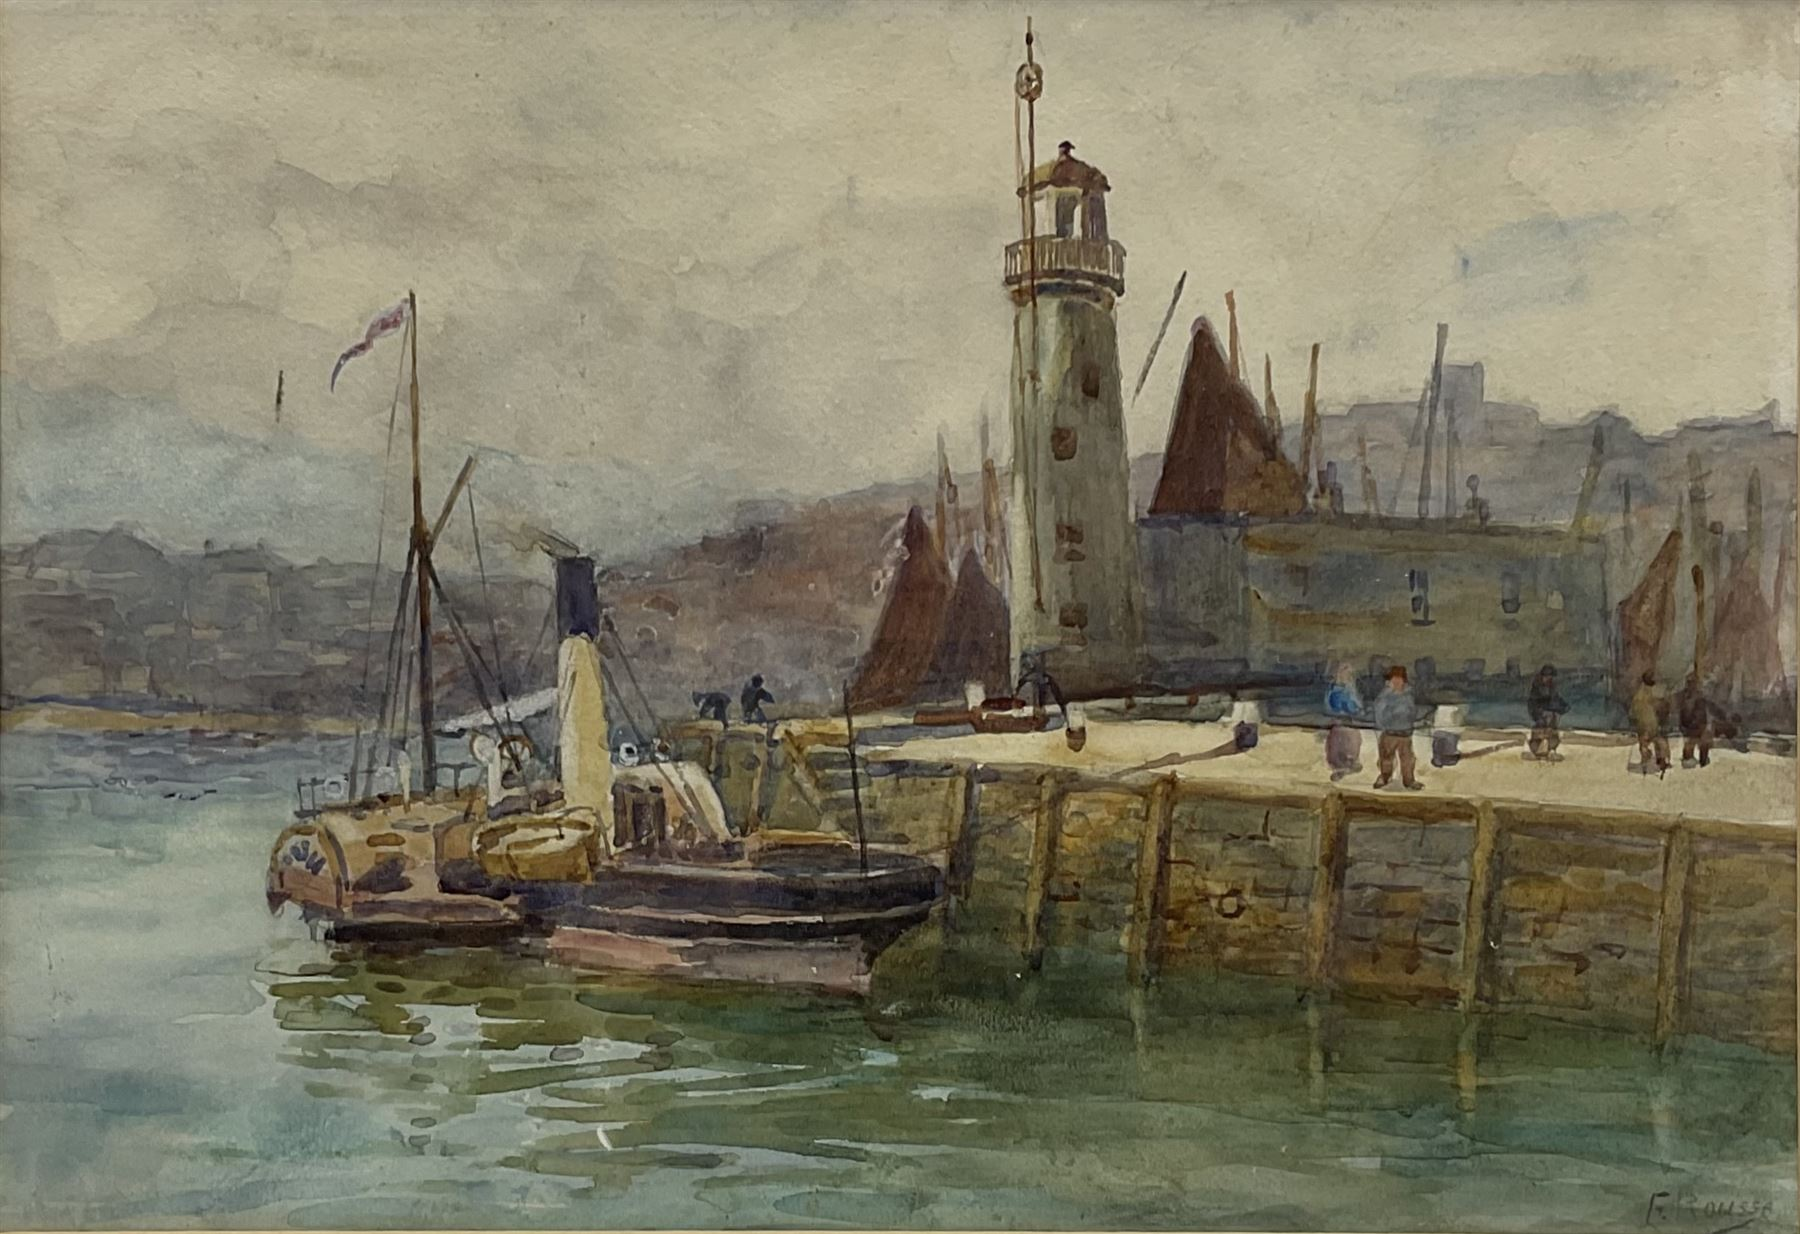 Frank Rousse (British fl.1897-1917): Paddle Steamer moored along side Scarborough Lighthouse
=======
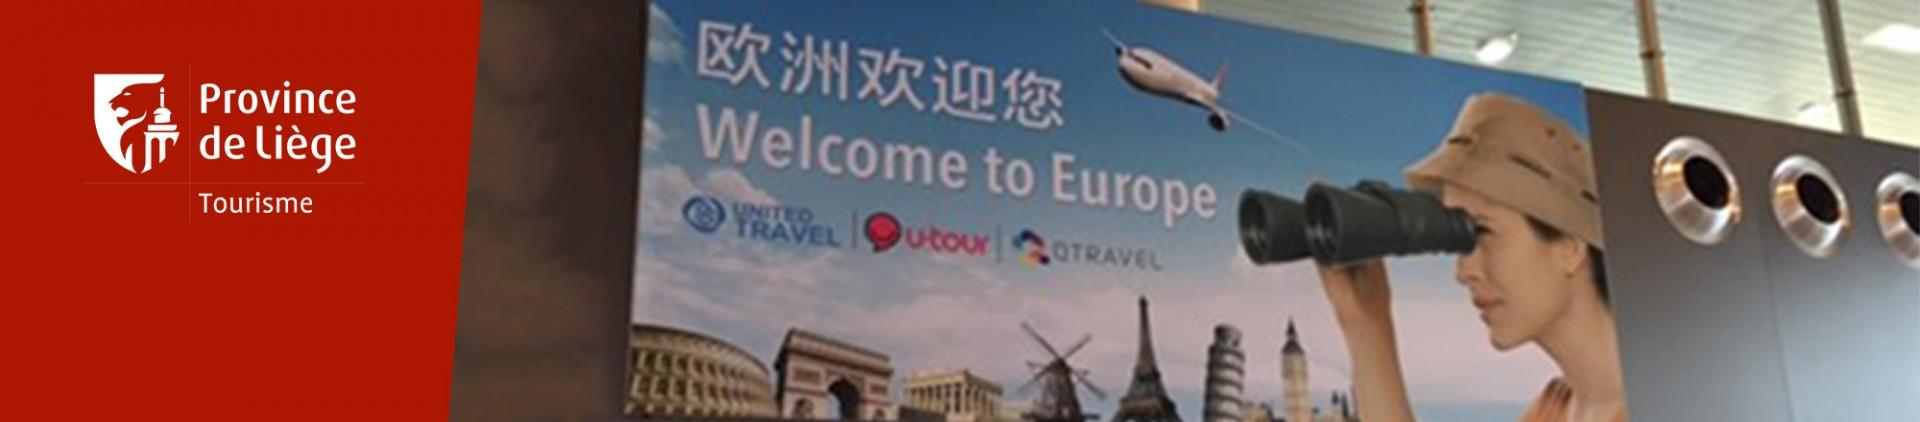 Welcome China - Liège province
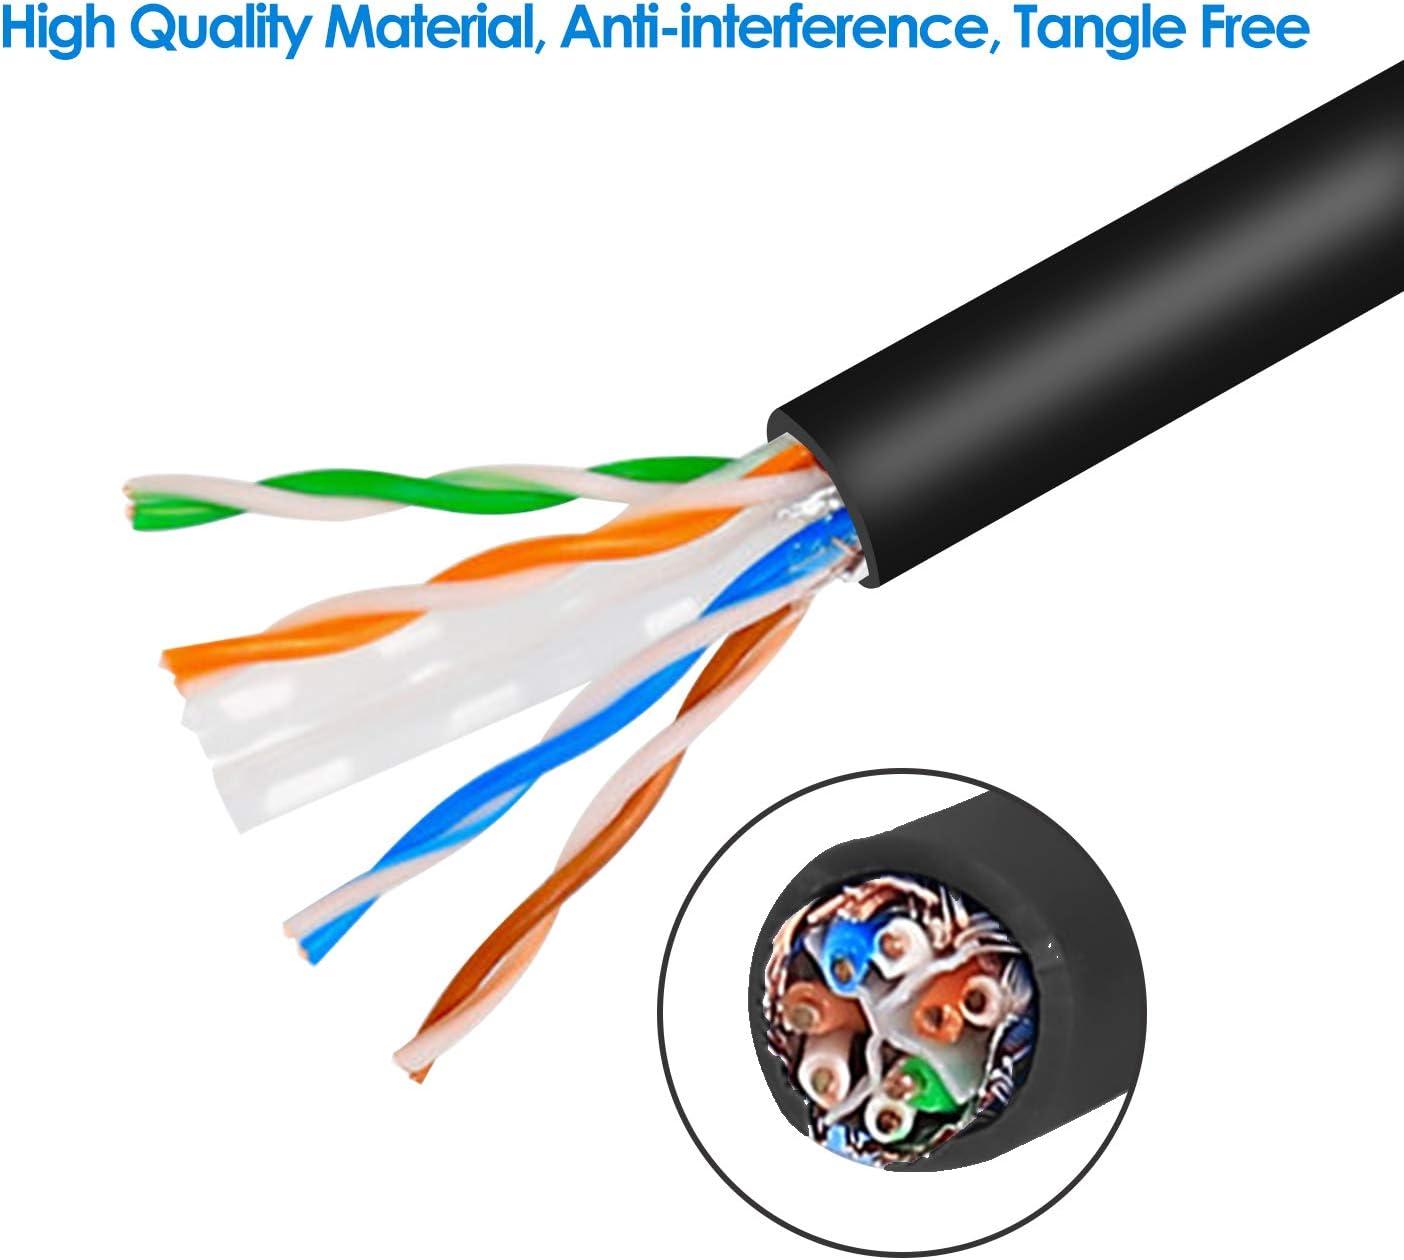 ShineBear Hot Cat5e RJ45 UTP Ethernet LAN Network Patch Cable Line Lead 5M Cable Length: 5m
=======
[THE TASK]: For the material above, give again only the lines starting at the line that contains "Welcome China - Liège province" and ending at the line that contains "ShineBear Hot Cat5e". Pictures do not belong in the copy.

[EXERCISE ANSWER]:
 Welcome China - Liège province
 ShineBear Hot Cat5e RJ45 UTP Ethernet LAN Network Patch Cable Line Lead 5M Cable Length: 5m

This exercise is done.